Data extract: Begin

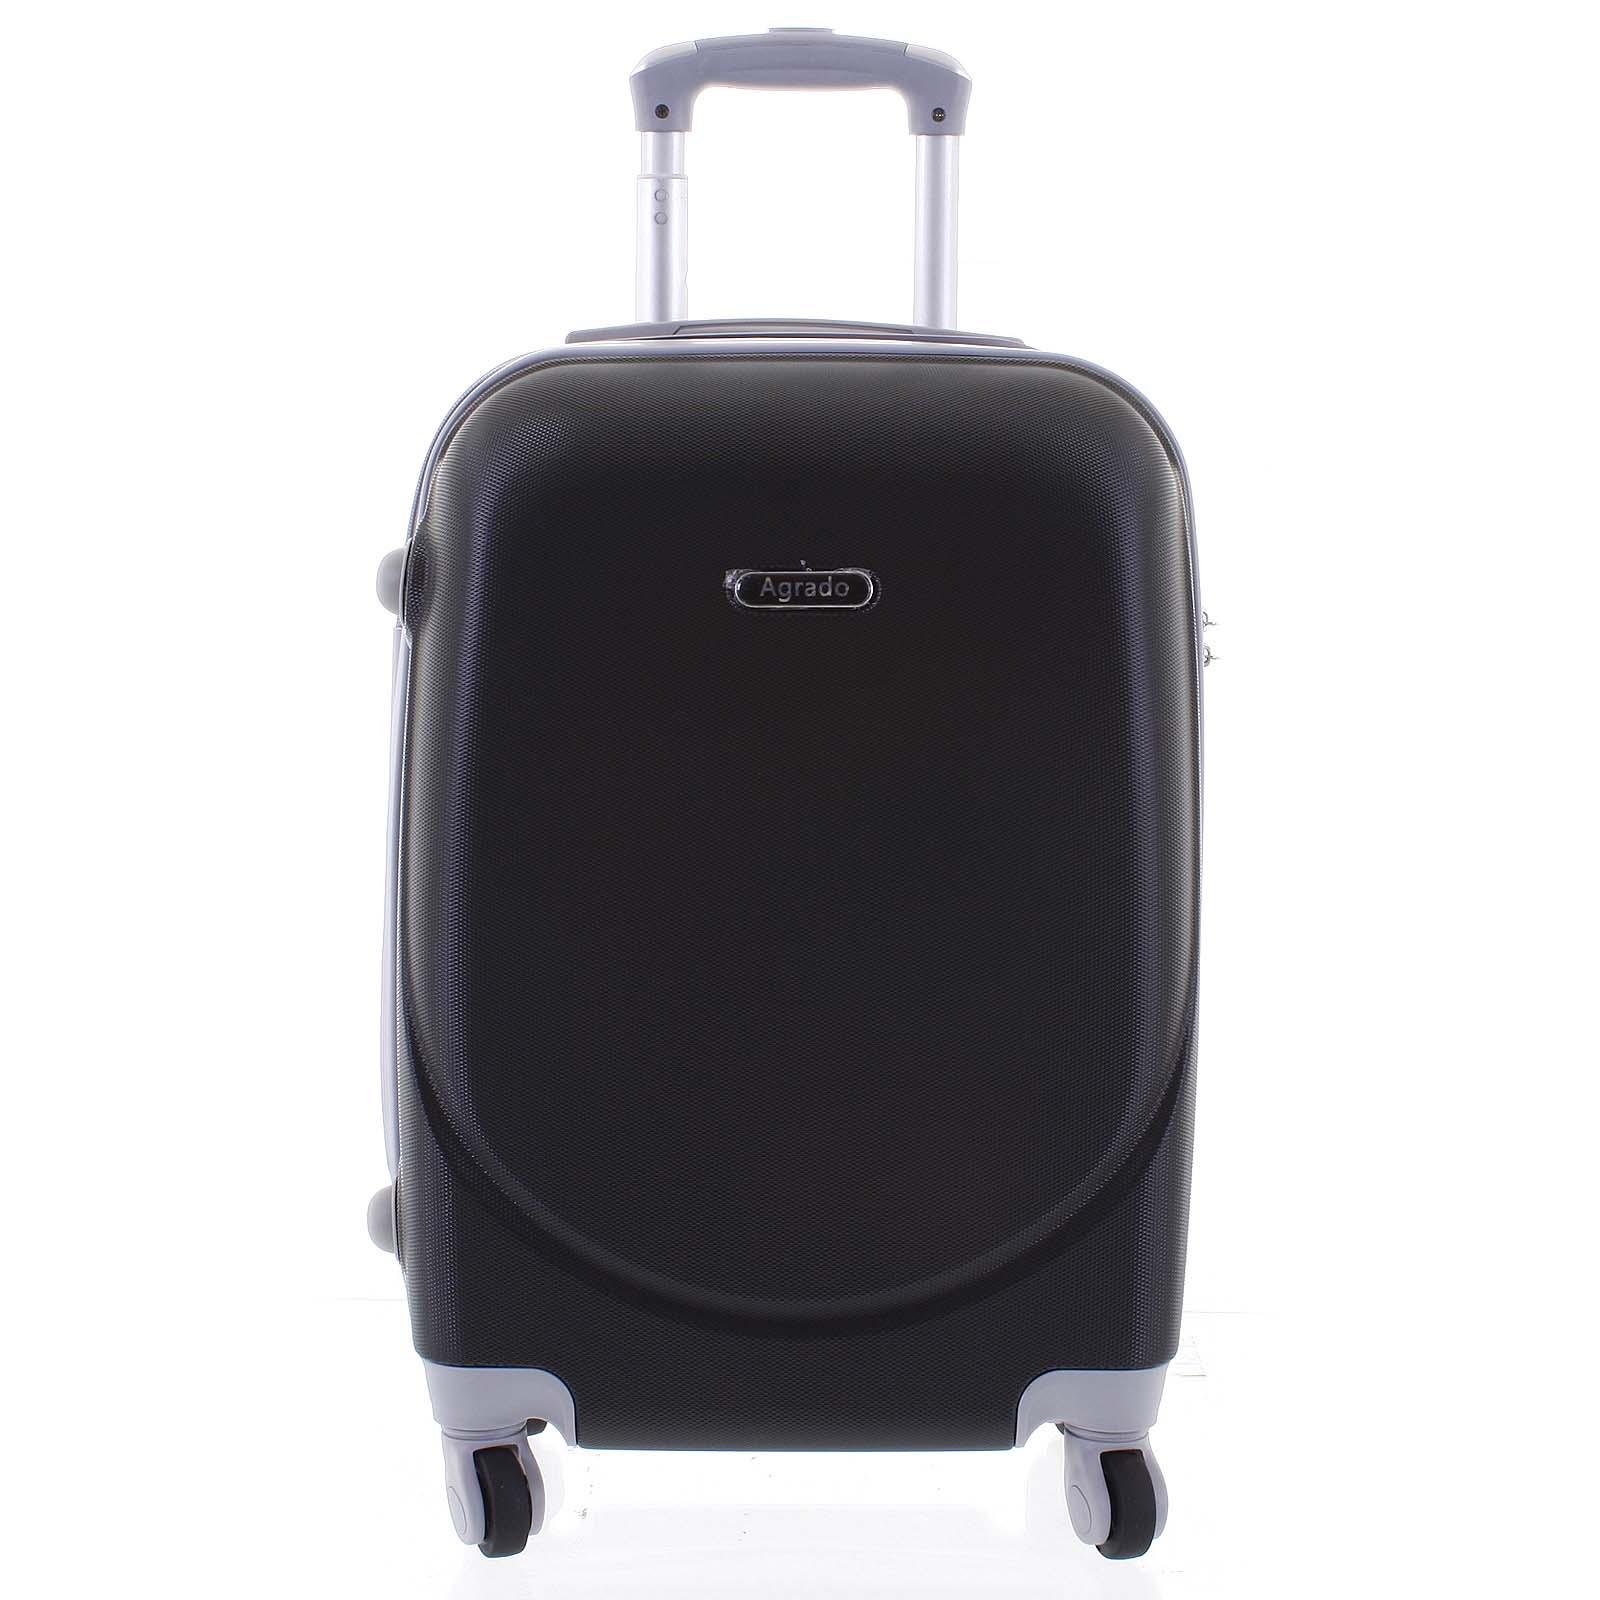 Kvalitní a elegantní pevný černý cestovní kufr - Agrado Peter M
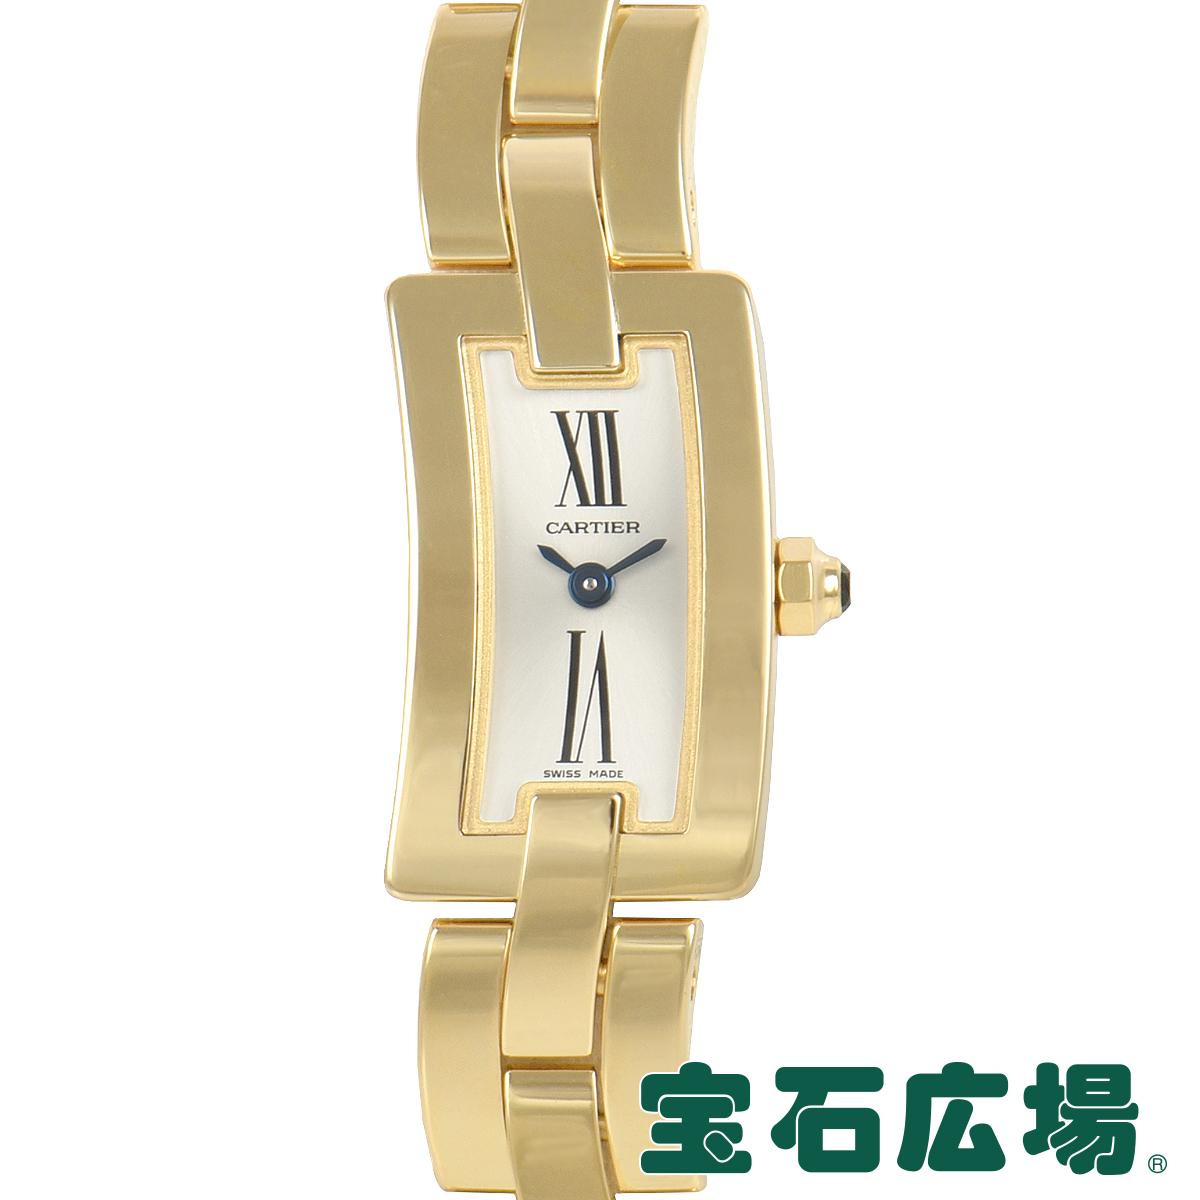 カルティエ CARTIER バレリーナ W700013J【中古】レディース 腕時計 送料・代引手数料無料
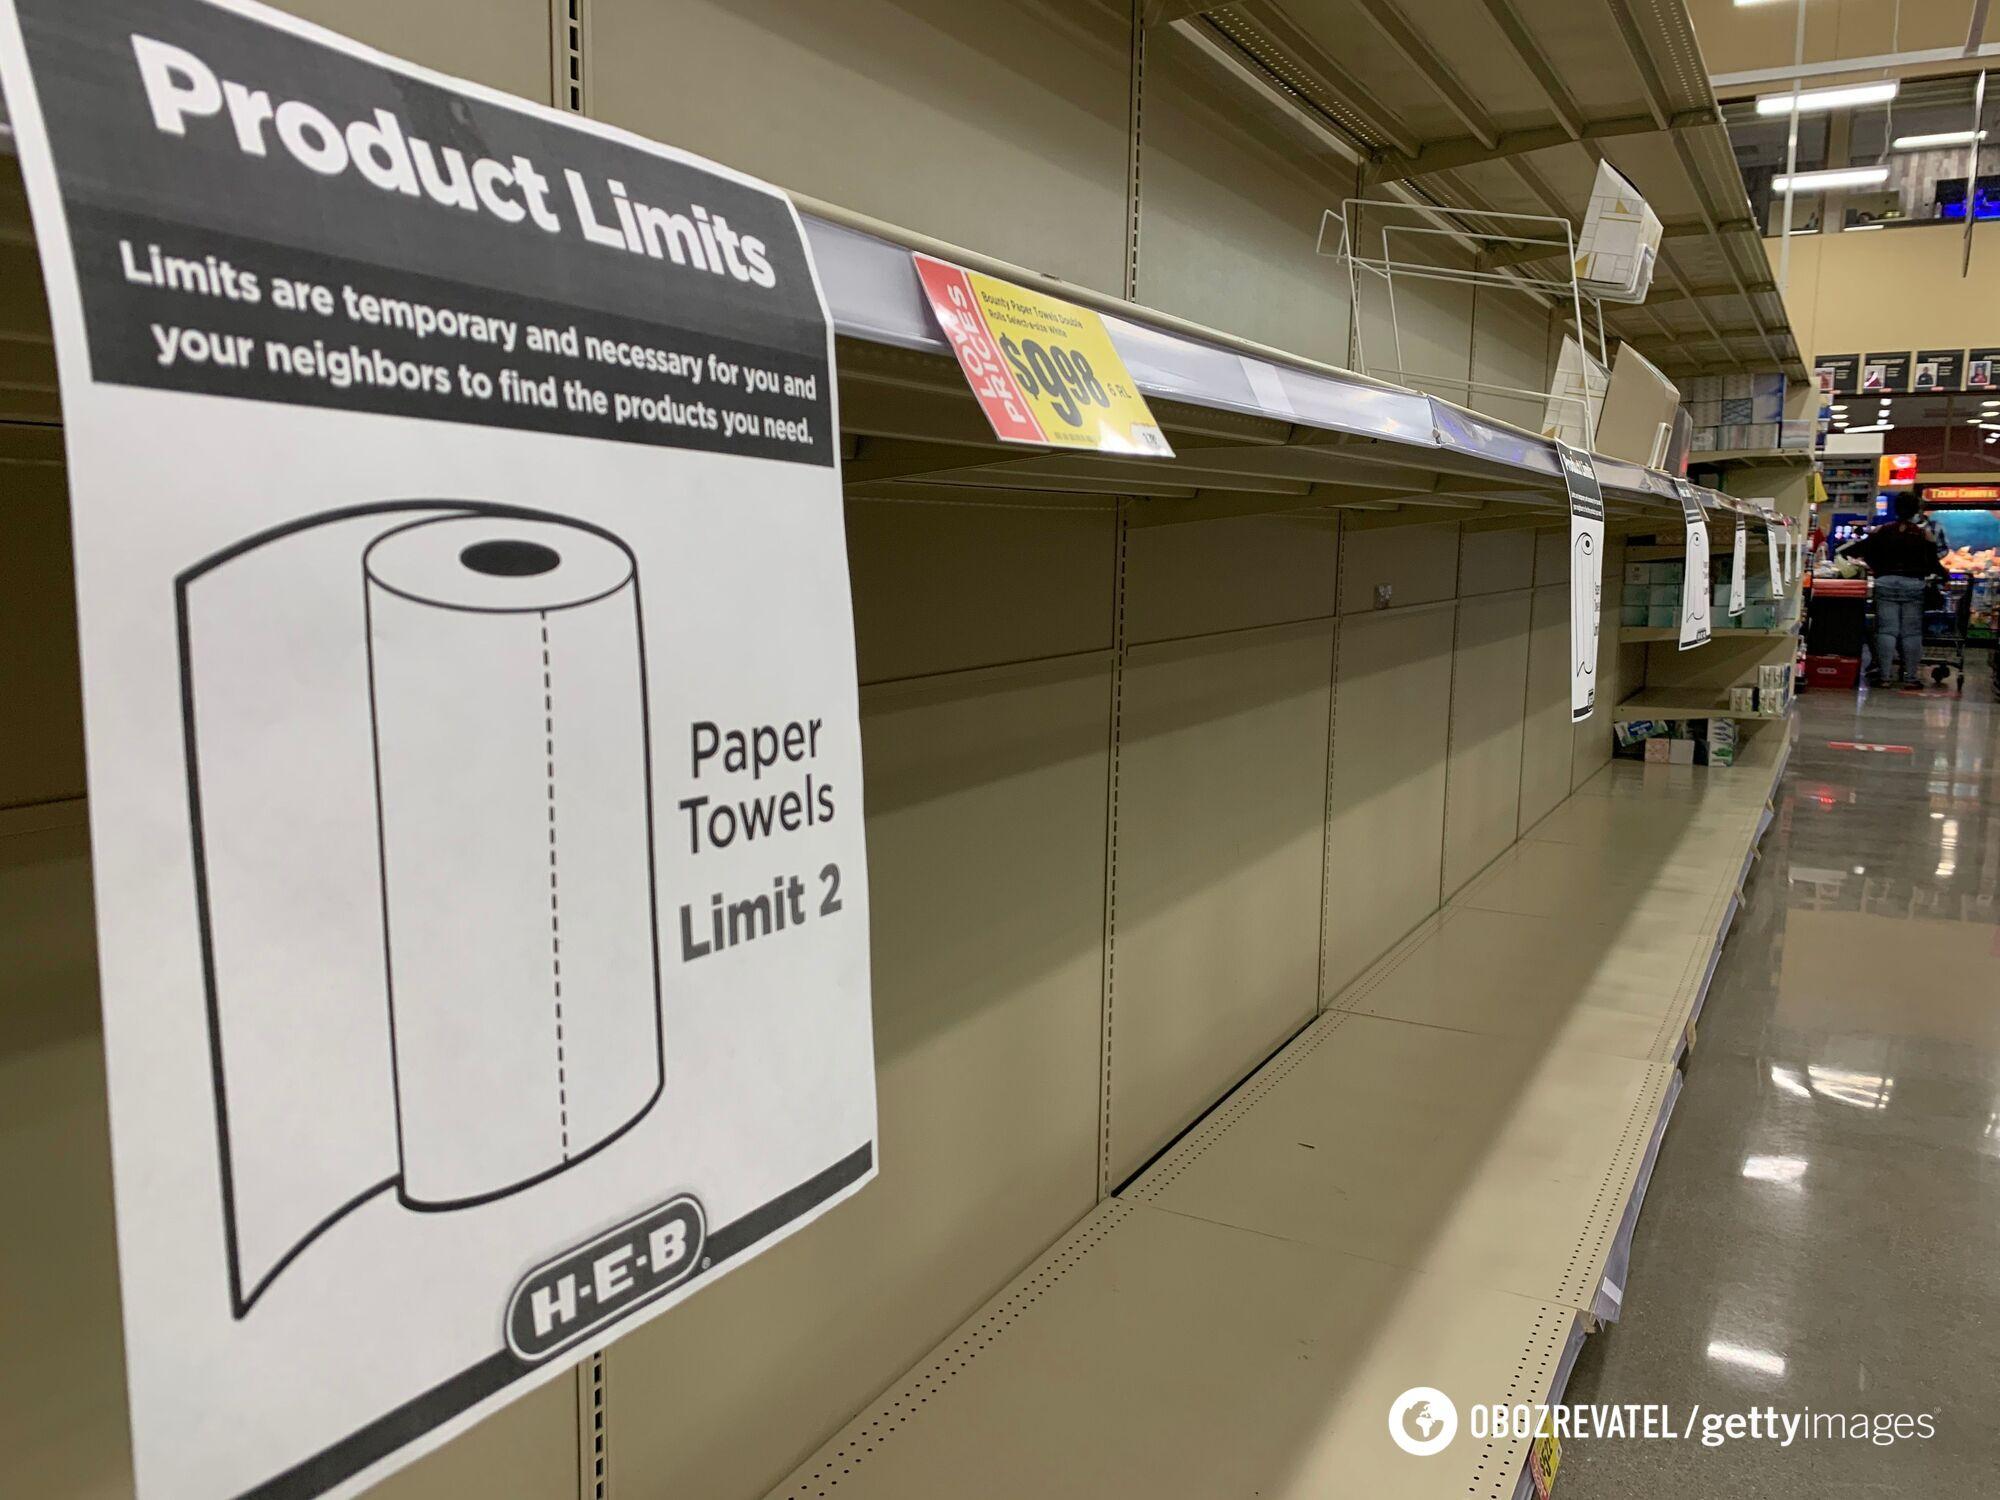 В магазинах образовался дефицит товаров

Data extract: End

Copy every line of the data exactly as written, excluding the pictures.

→ Task result:
 Kvalitní a elegantní pevný černý cestovní kufr - Agrado Peter M
 カルティエ CARTIER バレリーナ W700013J【中古】レディース 腕時計 送料・代引手数料無料
 В магазинах образовался дефицит товаров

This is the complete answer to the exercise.